光·渊(8)
“何宗一,是吧?”他面貌十分英俊,几乎俊出了青春气,但神态与气质上却又能看得出是个成熟男人,一双大长腿窝在问询室的椅子下,委委屈屈地无处安放。
“对,长官。”
“多大了?”声音很是成熟,给人一种安全感。
“19周岁。”
“新洲话说的够好的呀,户籍不是本地的。”
“是我家是……来新洲打工,顺便给我母亲治病。”何宗一主打一个有问必答。
“怎么想起直接到特调组来了?为什么不到执行署报警?”
“我手机打人的时候摔坏了,没办法打电话报警,一出巷子离最近的就是特调组,长官,我能不能借用手机或者是电话给我妈妈打个电话,这么晚了我还没回去,她会担心的。”
“当然可以。”骆队长十分好说话的,把手机递给了何宗一。
何宗一熟练的按下了妈妈的电话号码,“宗一呀,怎么这么晚了还没回来呢?妈给你打电话也打不通。”
“是这样的,妈,今天下雨。我一不小心滑倒了,把手机摔碎了,正在手机店里这儿修呢。我是借老板的电话给你打的,你先吃饭吧,不用等我,等修好了我就回去。”
“哎,好,反正你挣得也够了,以后这种天气就不要出去了。”
“知道了,妈,我这也是抄近路的时候不小心划到的,以后不会了。”
“你母亲是什么病?”
“尿毒症早期,吃药还能控制,需要按时去做透析,正好接在身边,我也有时间照顾她。”
“你认识那位周大律师?”
“算是认识吧,我和这位周律师算是同乡,他以前叫做…………”
“后来我来新洲打工,才再次见到了他。他听说我母亲重病需要钱,还借给了我钱,后来有一次机缘巧合之下买到了一对古董花瓶,卖出去才还了债,换了一个比较好的租房子,把母亲接来新洲生活。”
“大约在半个月前,我从租房附近见过他,看起来他并不想与我相认,于是我也装作不认识他的样子,后来我们就再也没有见过,没有联系过。”
“原来如此,谢谢配合。”
“不客气,长官,请问我能走了吗?”
“当然可以,你毕竟是受害人,看一下笔录没问题,签个字,最近一段时间内不要离开新洲,后续可能有问题需要找你。”
“好的,长官,辛苦你了。”
就在何宗一签完字准备走的时候,骆为昭状似无意的问起,“怎么走那条巷子回家?”
“噢,那条巷子正好是我去摆摊的那个广场和出租屋中间的一条直线,我今天是去东区体育广场,回来的时候有点晚,就抄了近路。”

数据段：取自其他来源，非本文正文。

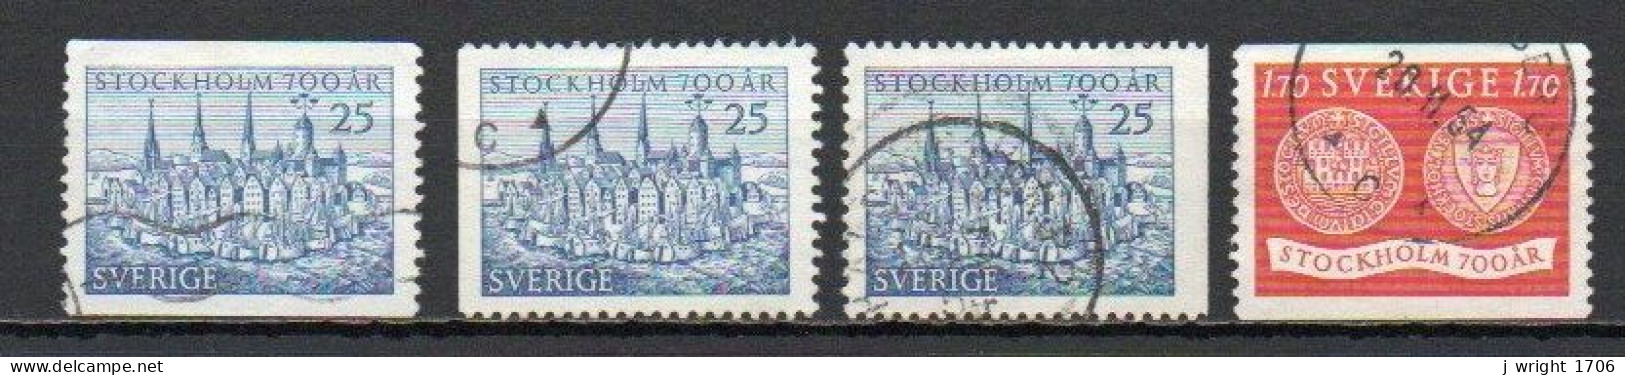 Sweden, 1953, Stockholm 700th Anniv, Set, USED - Used Stamps
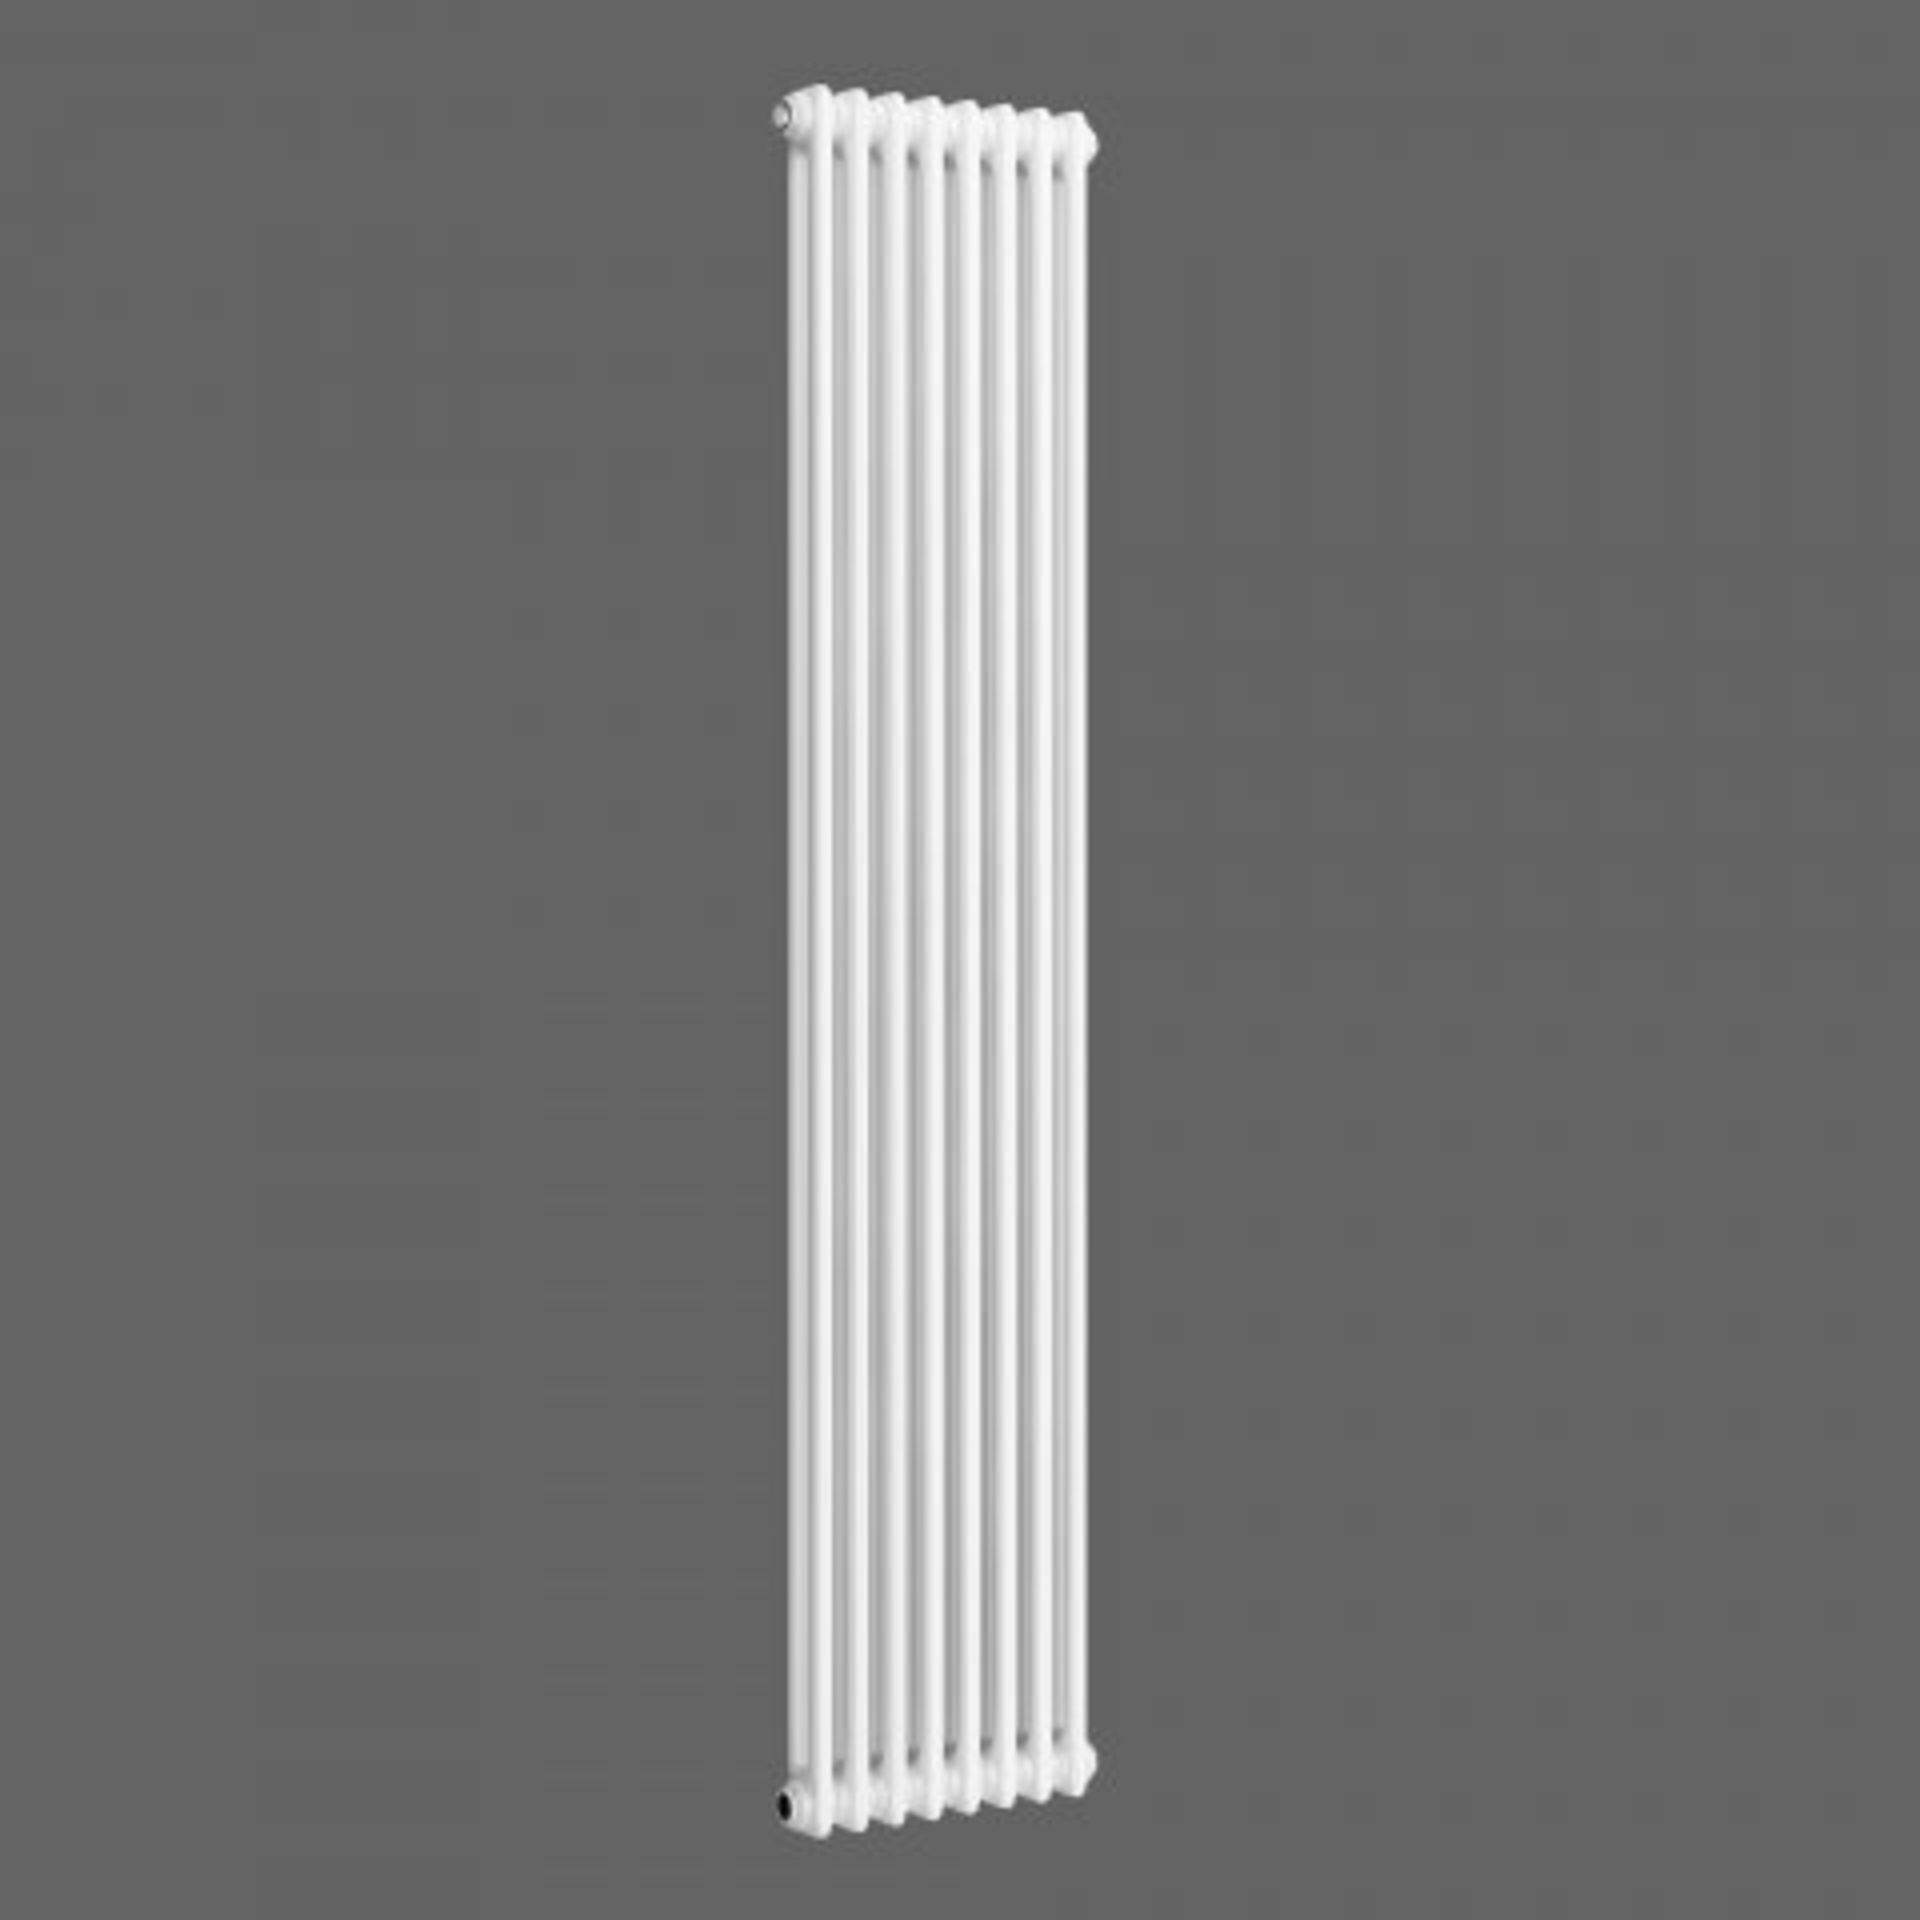 (M52) 1800x380mm White Double Panel Vertical Colosseum Radiator - Roma Premium. RRP £255.99. Classic - Image 3 of 4

何宗一无事一身轻的走出了特调组,至于周鸿川能不能放出来,和他无关了。
无论如何他都不可能再杀何宗一了,毕竟他的事情该知道的都知道了。
至于幕后的范老师,对于这些人有何安排他就不知道了。
而还在审讯室内的周鸿川,在骆为昭的步步紧逼之下,说出他知道下西区鸿福地产贩D,执行署包庇的事情。
“骆长官,难道你们就不好奇,下西区哪来的那么多一抓一个准儿的贩D团伙吗?”
“何宗一参与其中,还一再纠缠我,我实在没有办法,逼到这里,只能动手。”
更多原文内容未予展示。